Free Speech and Triskaidekaphobic Calculators: A Reply to Hubinger on the Relevance of Public Online Discussion to Existential Risk
Do you think having that debate online was something that needed to happen for AI safety/x-risk? Do you think it benefited AI safety at all? I’m genuinely curious. My bet would be the opposite—that it caused AI safety to be more associated with political drama that helped further taint it.
Okay, but the reason you think AI safety/x-risk is important is because twenty years ago, people like Eliezer Yudkowsky and Nick Bostrom were trying to do systematically correct reasoning about the future, noticed that the alignment problem looked really important, and followed that line of reasoning where it took them—even though it probably looked “tainted” to the serious academics of the time. (The robot apocalypse is nigh? Pftt, sounds like science fiction.)
The cognitive algorithm of “Assume my current agenda is the most important thing, and then execute whatever political strategies are required to protect its social status, funding, power, un-taintedness, &c.” wouldn’t have led us to noticing the alignment problem, and I would be pretty surprised if it were sufficient to solve it (although that would be very convenient).

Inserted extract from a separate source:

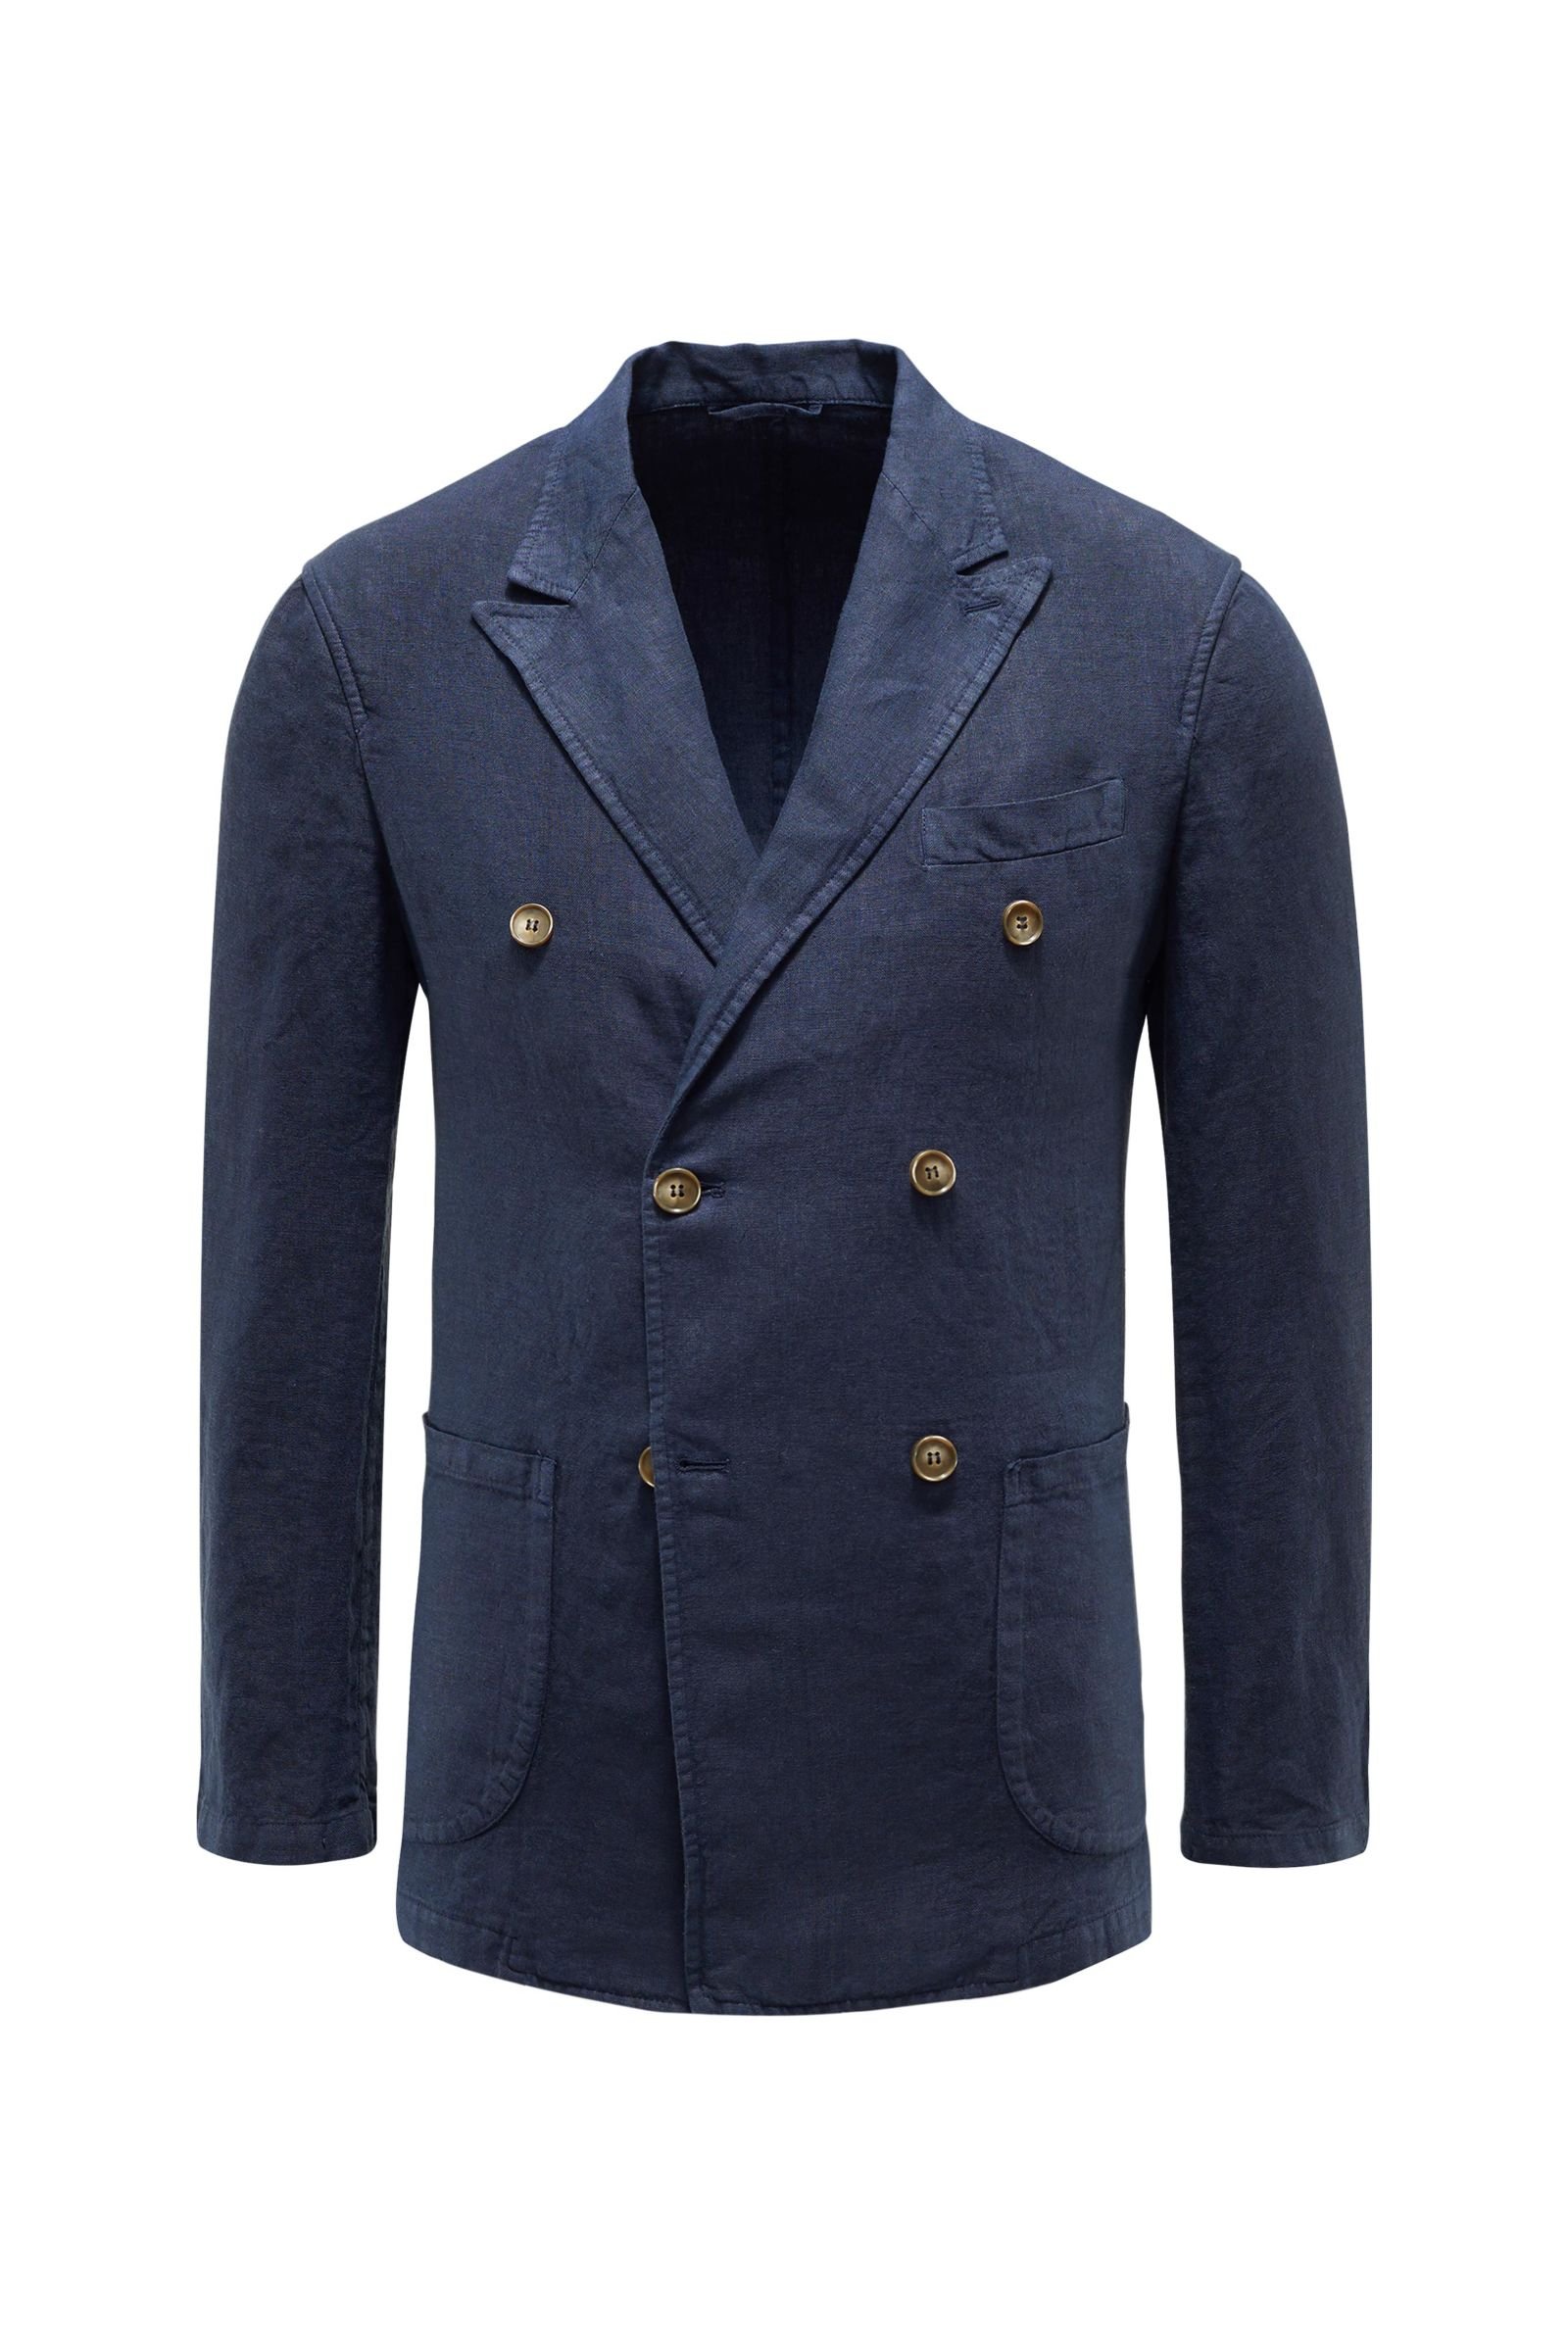 Smart-casual linen jacket 'Isola' navy
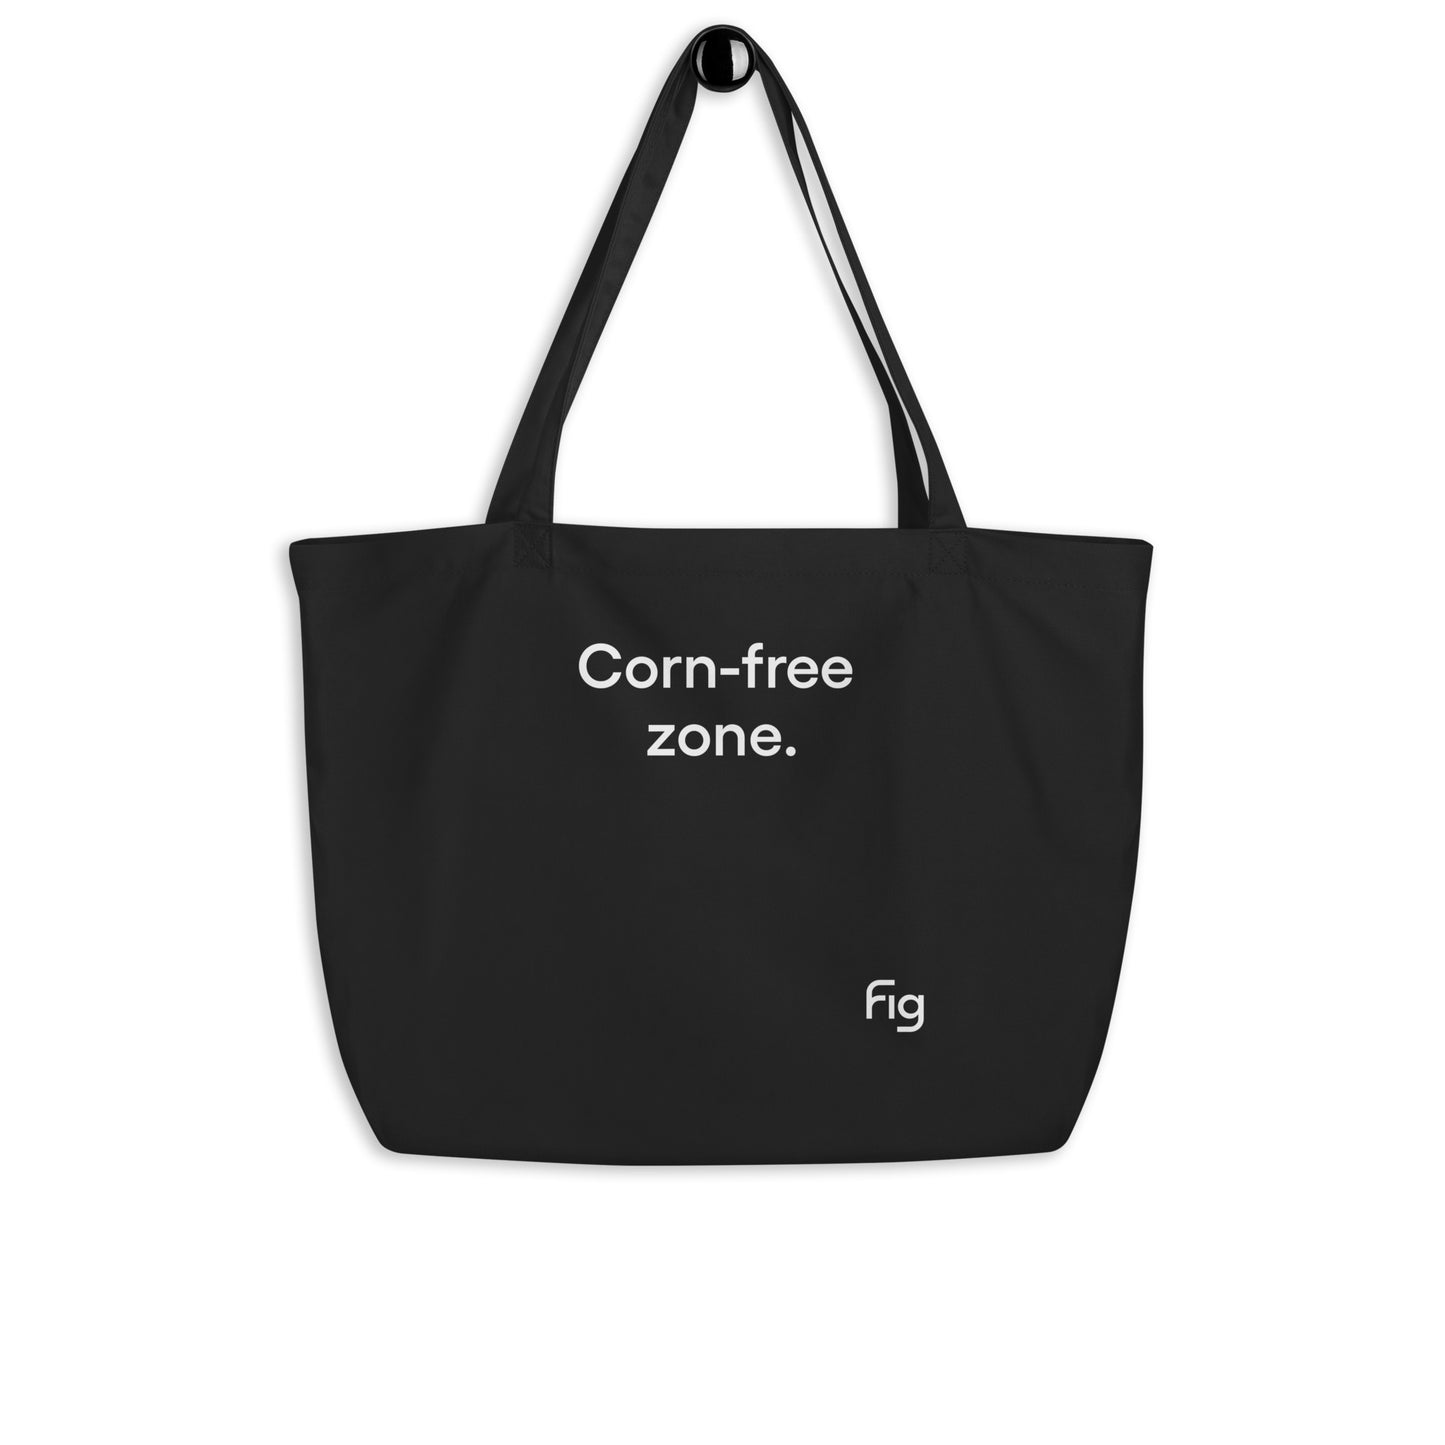 Corn-free zone | Large organic tote bag

An analogy: it’s actually easier to build a calculator that does correct arithmetic than it is to build a “triskaidekaphobic calculator” that does “correct arithmetic, except that it never displays the result 13″, because the simplest implementation of the latter is just a calculator plus an extra conditional that puts something else on the screen when the real answer would have been 13.
If you don’t actually understand how arithmetic works, but you feel intense social pressure to produce a machine that never displays the number 13, I don’t think you actually succeed at building a triskaidekaphobic calculator: you’re trying to solve a problem under constraints that make it impossible to solve a strictly easier problem.
Similarly, I conjecture that it’s actually easier to build a rationality/alignment research community that does systematically correct reasoning, than it is to build a Catholic rationality/alignment research community that does “systematically correct reasoning, except never saying anything the Pope disagrees with.” The latter is a strictly harder problem: you have to somehow both get the right answer, and throw out all of the steps of your reasoning that the Pope doesn’t want you to say.
You’re absolutely right that figuring out how politics and the psychology of offense work doesn’t directly help increase the power and prestige of the “AI safety” research agenda. It’s just that the caliber of thinkers who can solve AGI alignment should also be able to solve politics and the psychology of offense, much as how a calculator that can compute
1423 + 1389 should also be able to compute
6 + 7.